## Information provided
################

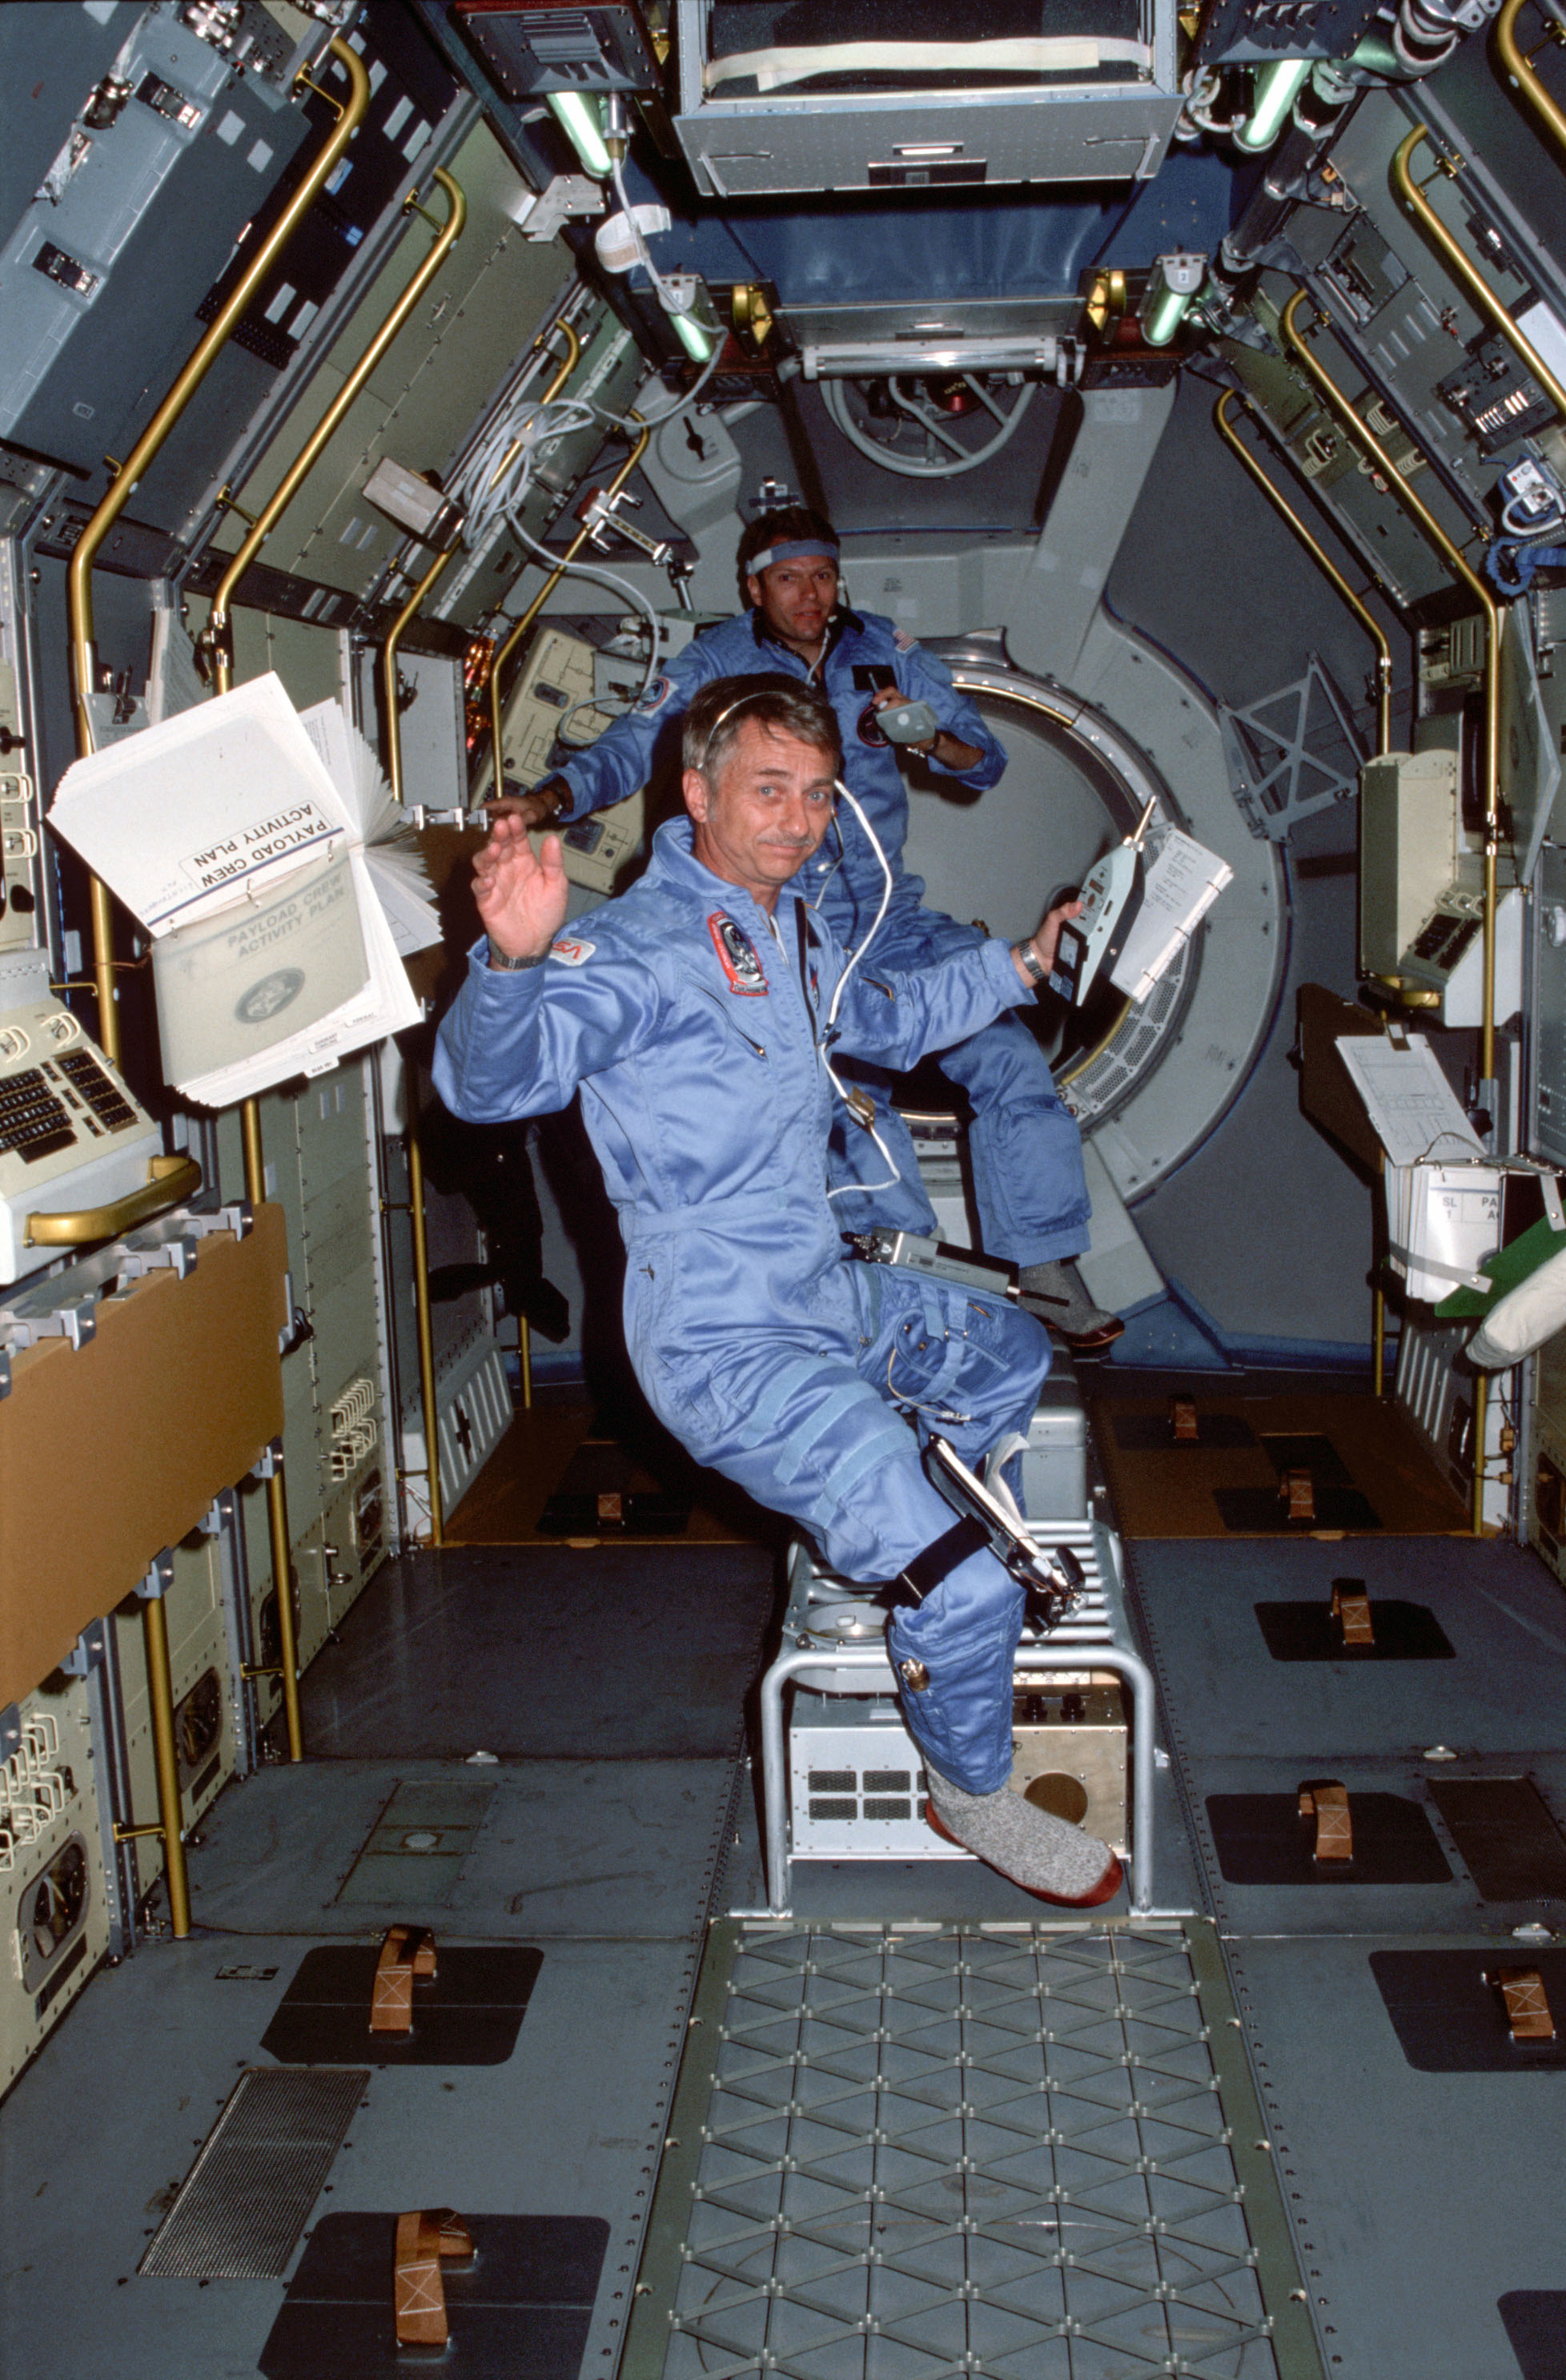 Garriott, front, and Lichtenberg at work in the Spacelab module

################

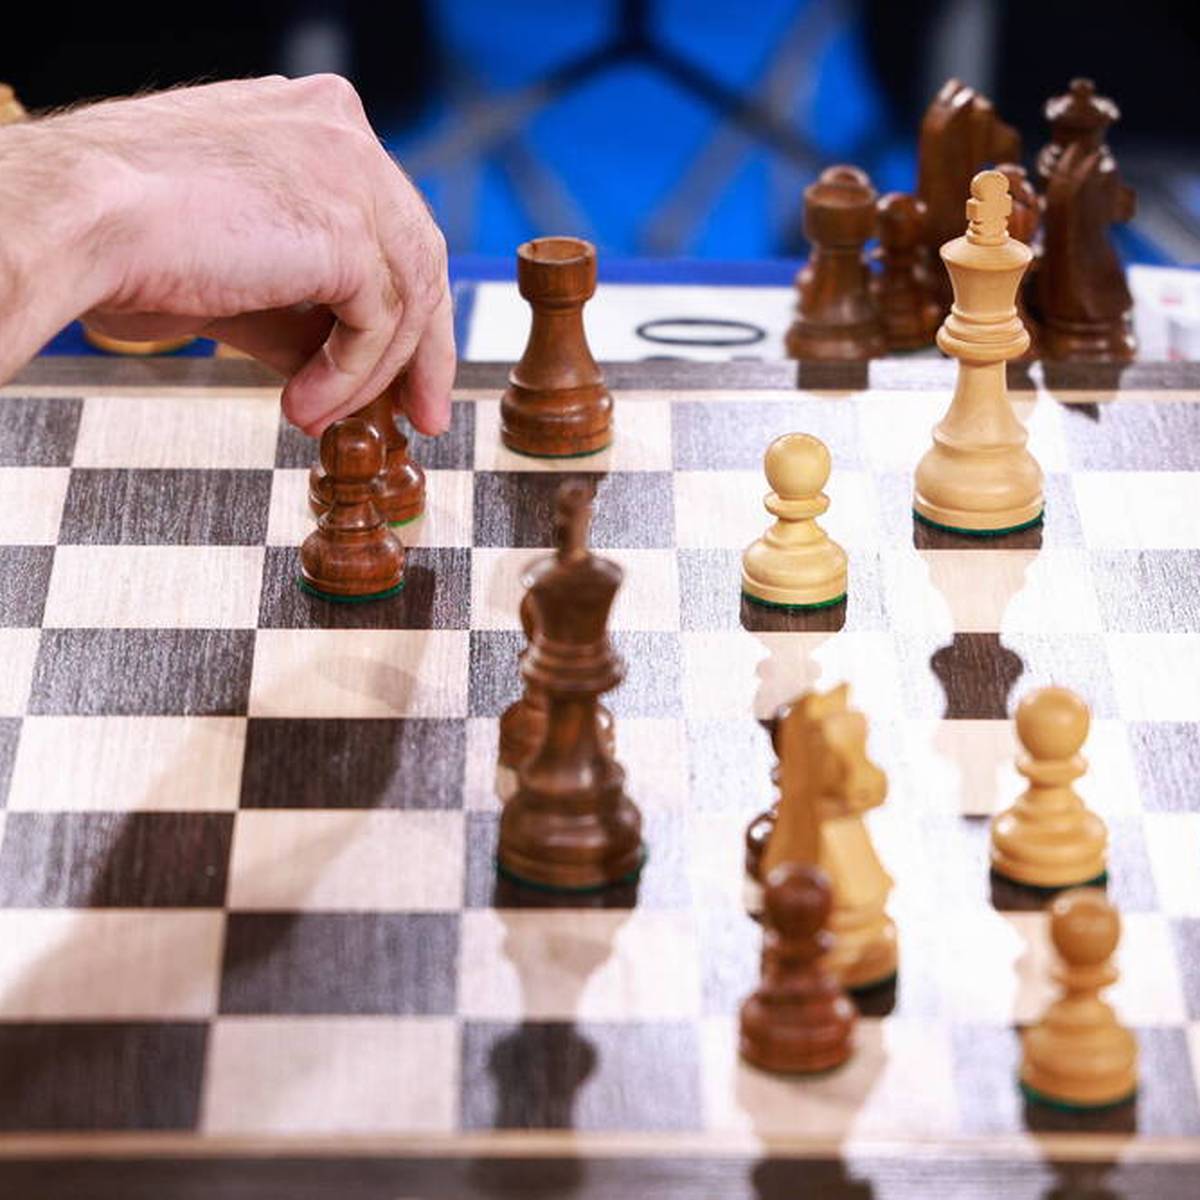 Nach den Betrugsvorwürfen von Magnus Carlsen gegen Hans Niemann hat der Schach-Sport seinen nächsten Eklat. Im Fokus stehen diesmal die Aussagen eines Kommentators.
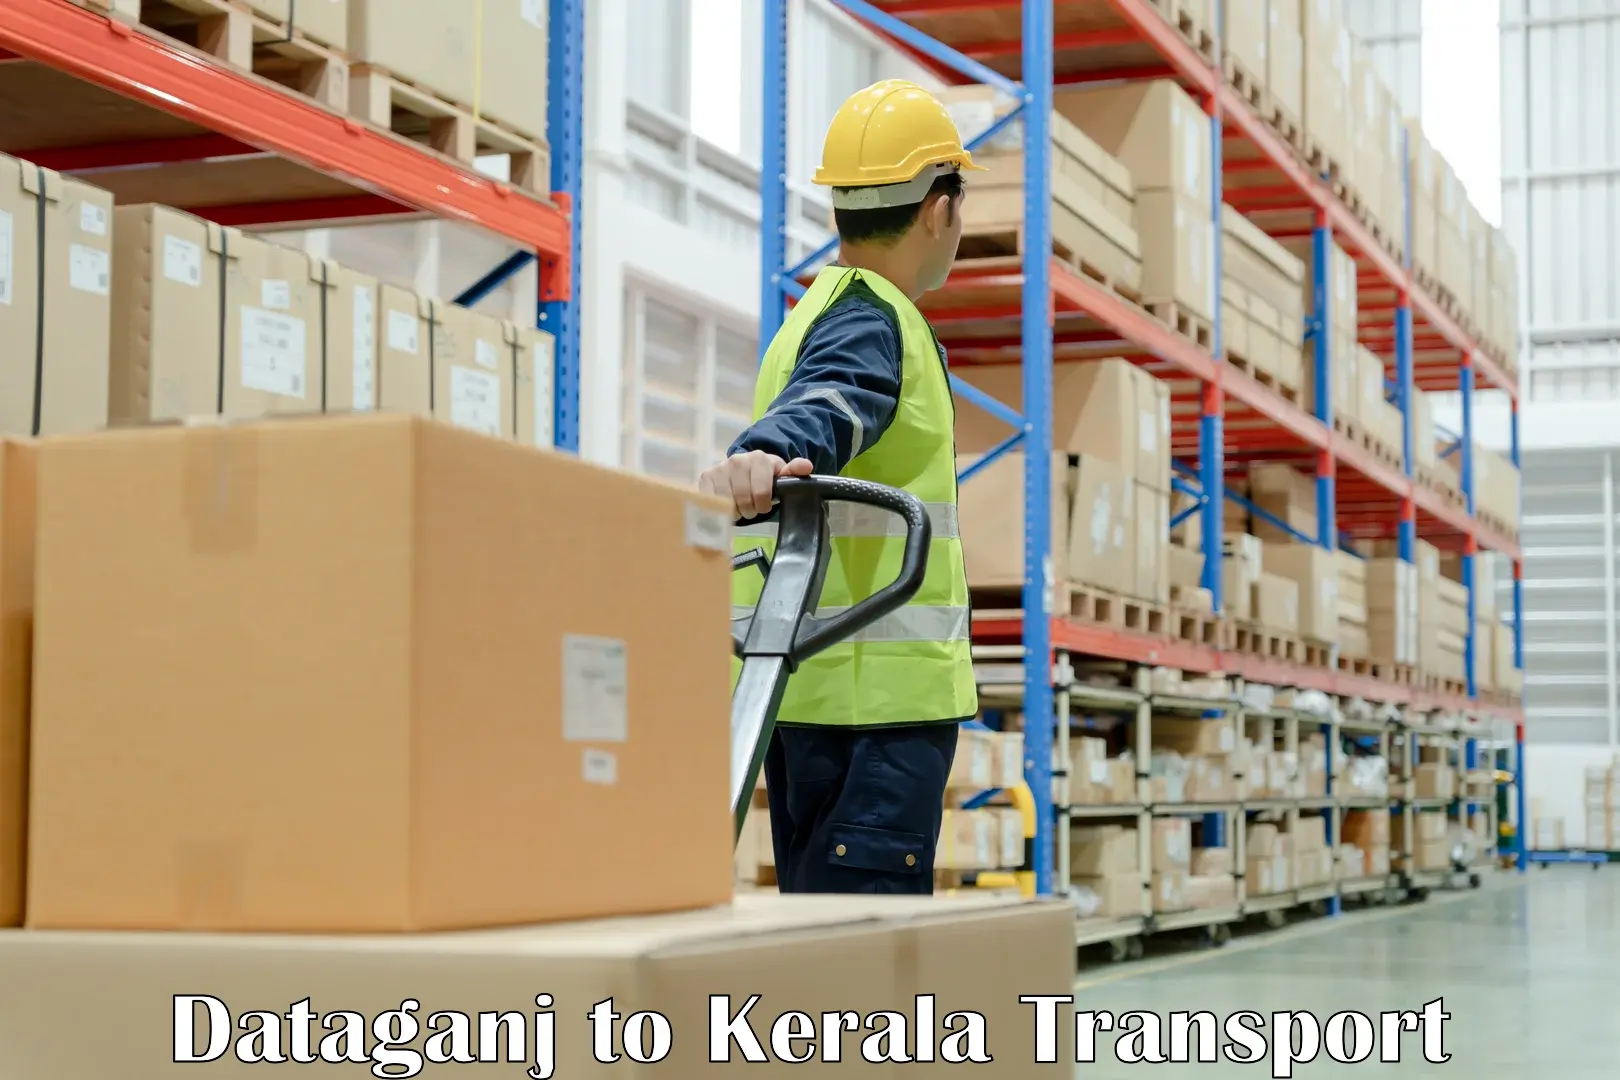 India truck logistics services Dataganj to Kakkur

################

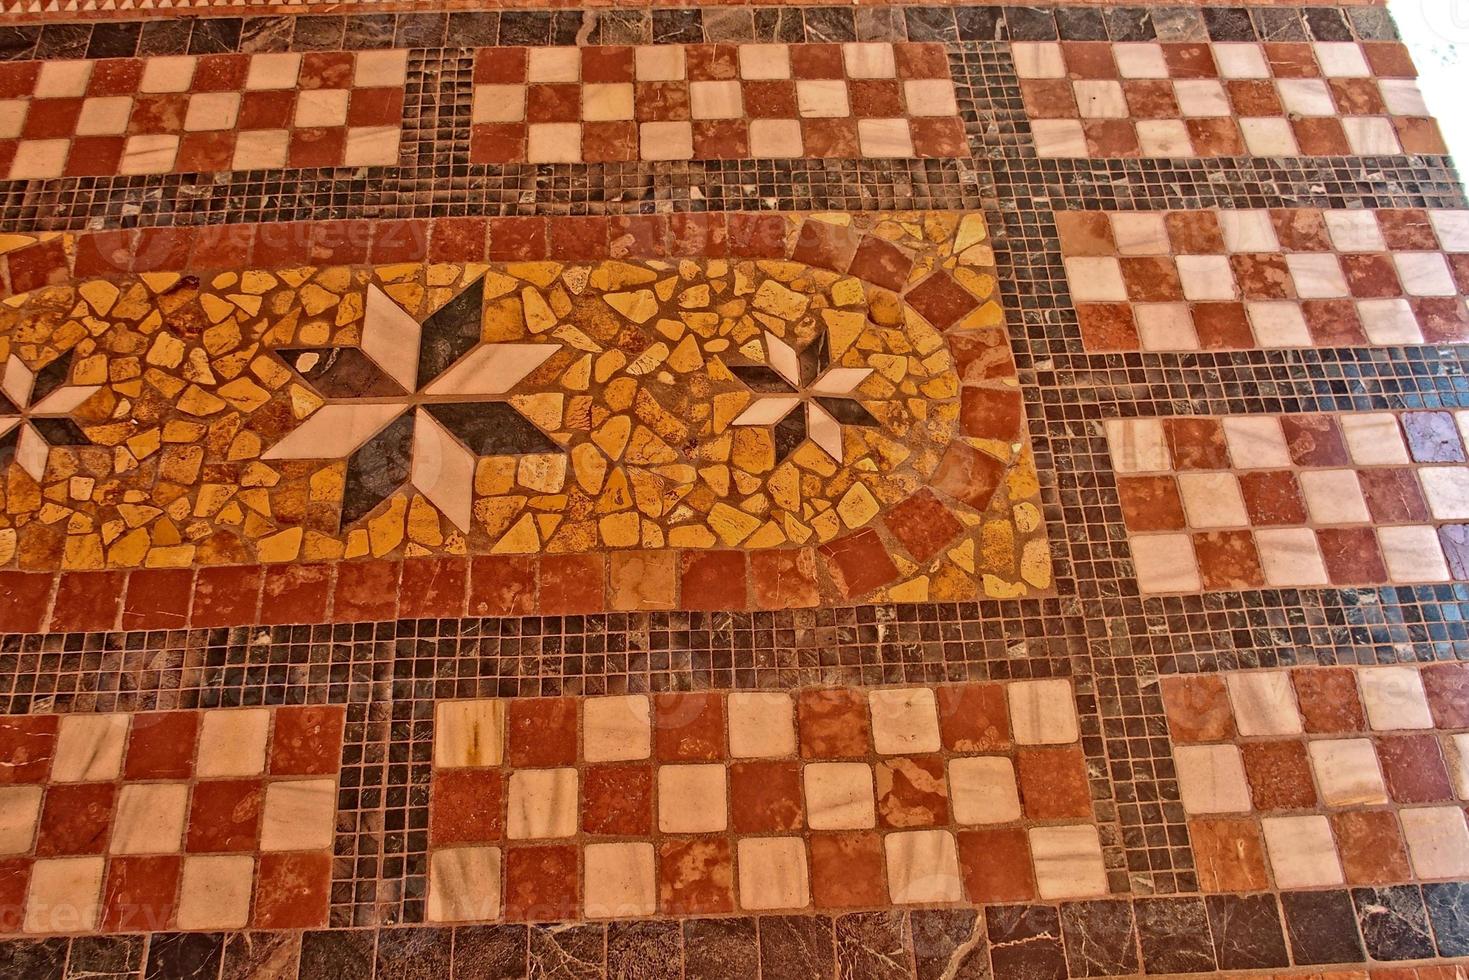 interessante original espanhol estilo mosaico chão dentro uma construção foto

################

With the pictures removed, print only the lines starting at the line that has "Nach den Betrugsvorwürfen" and ending at the line that has "India truck logistics", both ends included, exactly as they stand above.

 Nach den Betrugsvorwürfen von Magnus Carlsen gegen Hans Niemann hat der Schach-Sport seinen nächsten Eklat. Im Fokus stehen diesmal die Aussagen eines Kommentators.
 India truck logistics services Dataganj to Kakkur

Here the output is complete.